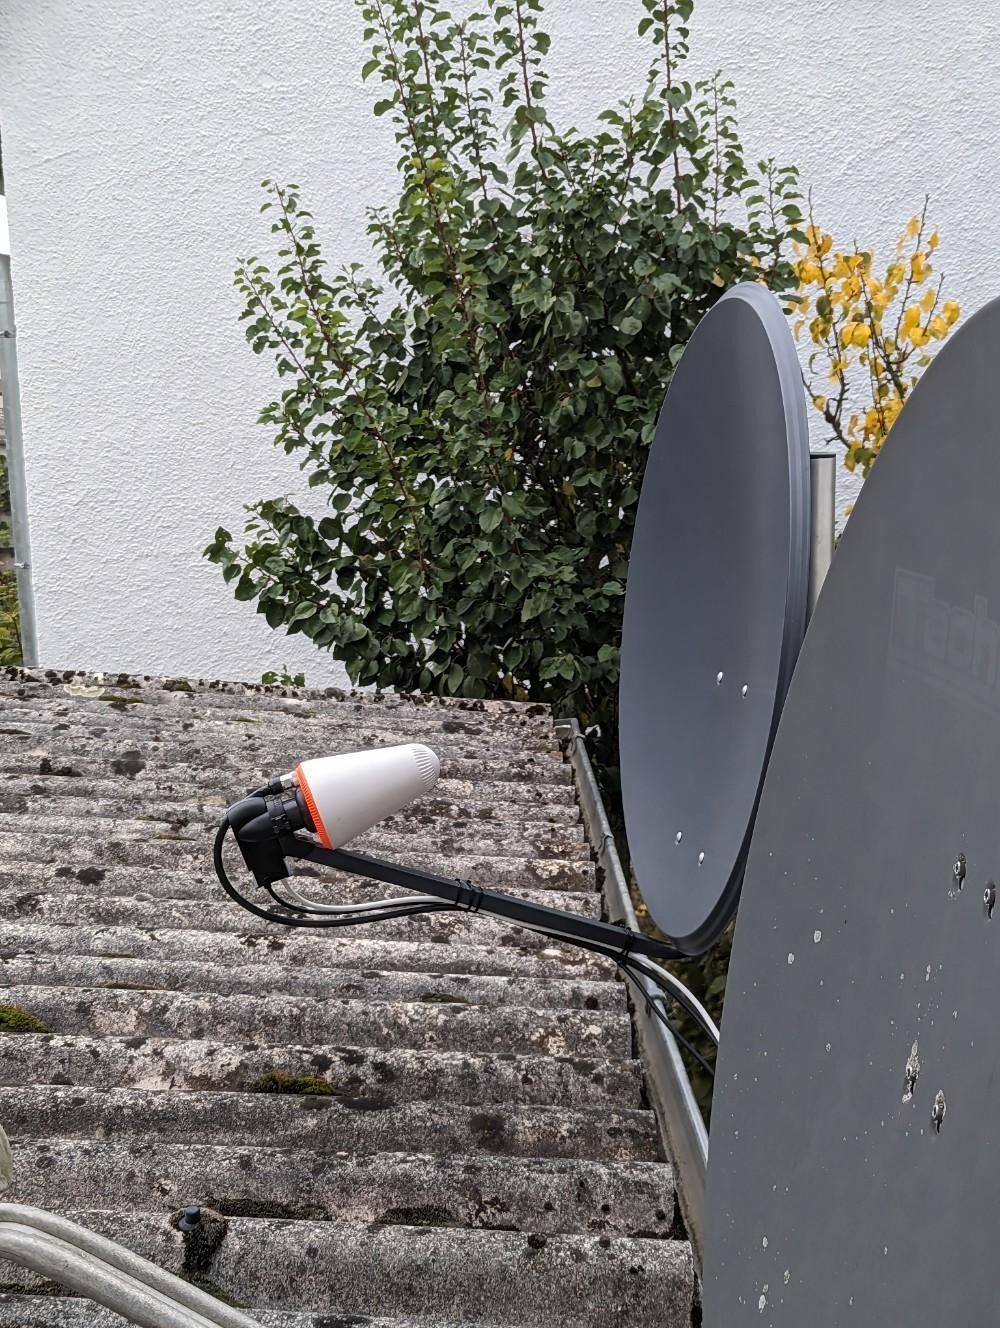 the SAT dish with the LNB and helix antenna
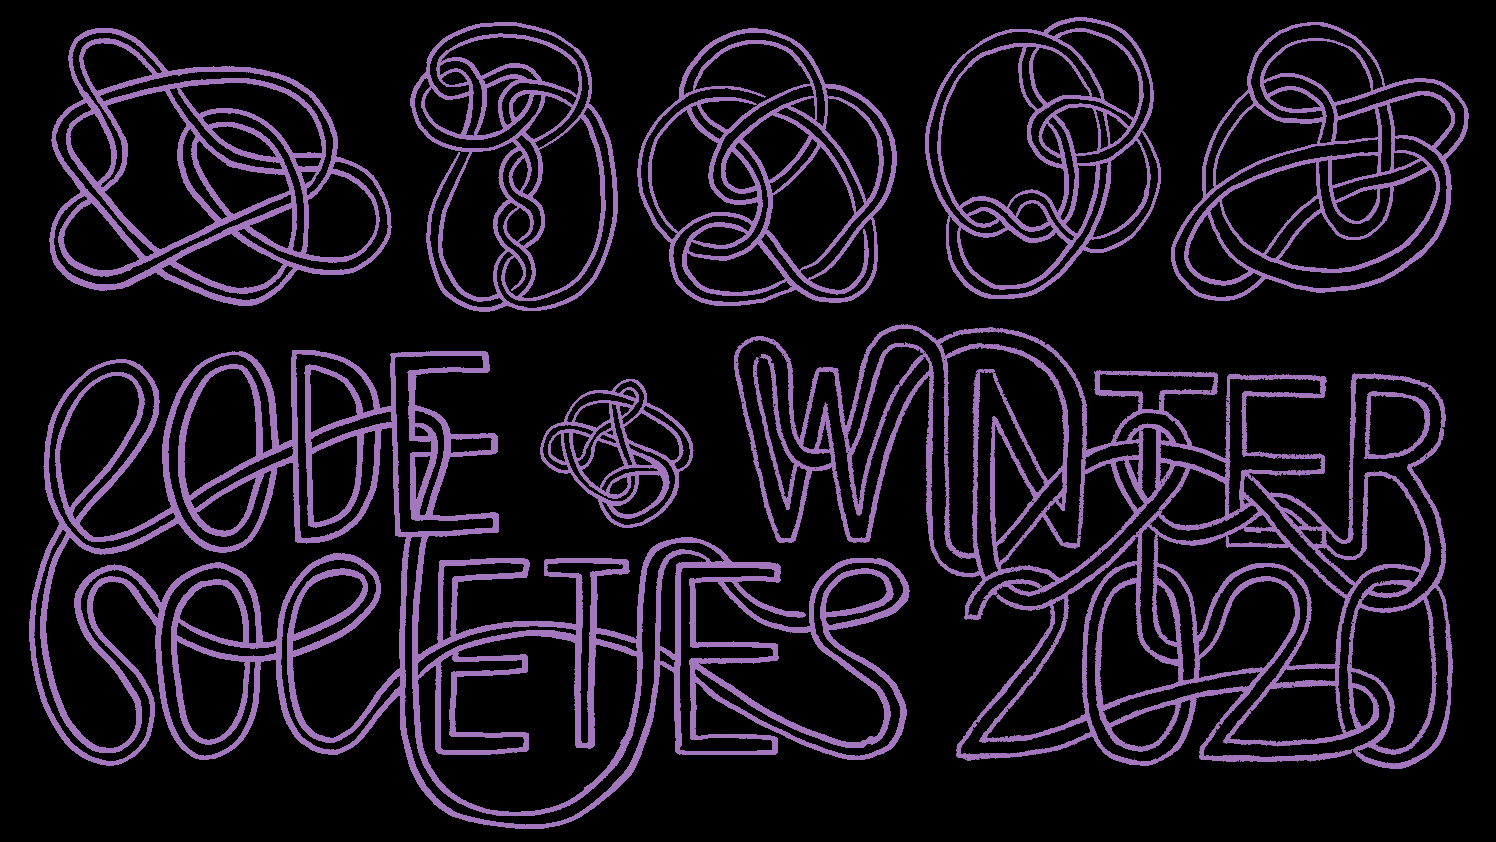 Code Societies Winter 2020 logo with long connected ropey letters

__________

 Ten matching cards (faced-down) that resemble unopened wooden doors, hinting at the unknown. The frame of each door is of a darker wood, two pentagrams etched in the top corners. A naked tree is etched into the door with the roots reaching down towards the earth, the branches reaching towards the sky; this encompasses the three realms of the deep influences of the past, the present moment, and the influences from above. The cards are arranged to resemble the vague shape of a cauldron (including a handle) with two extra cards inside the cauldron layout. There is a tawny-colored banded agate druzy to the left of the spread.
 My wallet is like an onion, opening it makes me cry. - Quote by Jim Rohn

__________

Activity:
Starting at the line that contains "the SAT dish with the LNB and helix antenna" and ending at the line that contains "Code Societies Winter", transcribe the material above exactly, excluding pictures.

Task output:
 the SAT dish with the LNB and helix antenna
 Code Societies Winter 2020 logo with long connected ropey letters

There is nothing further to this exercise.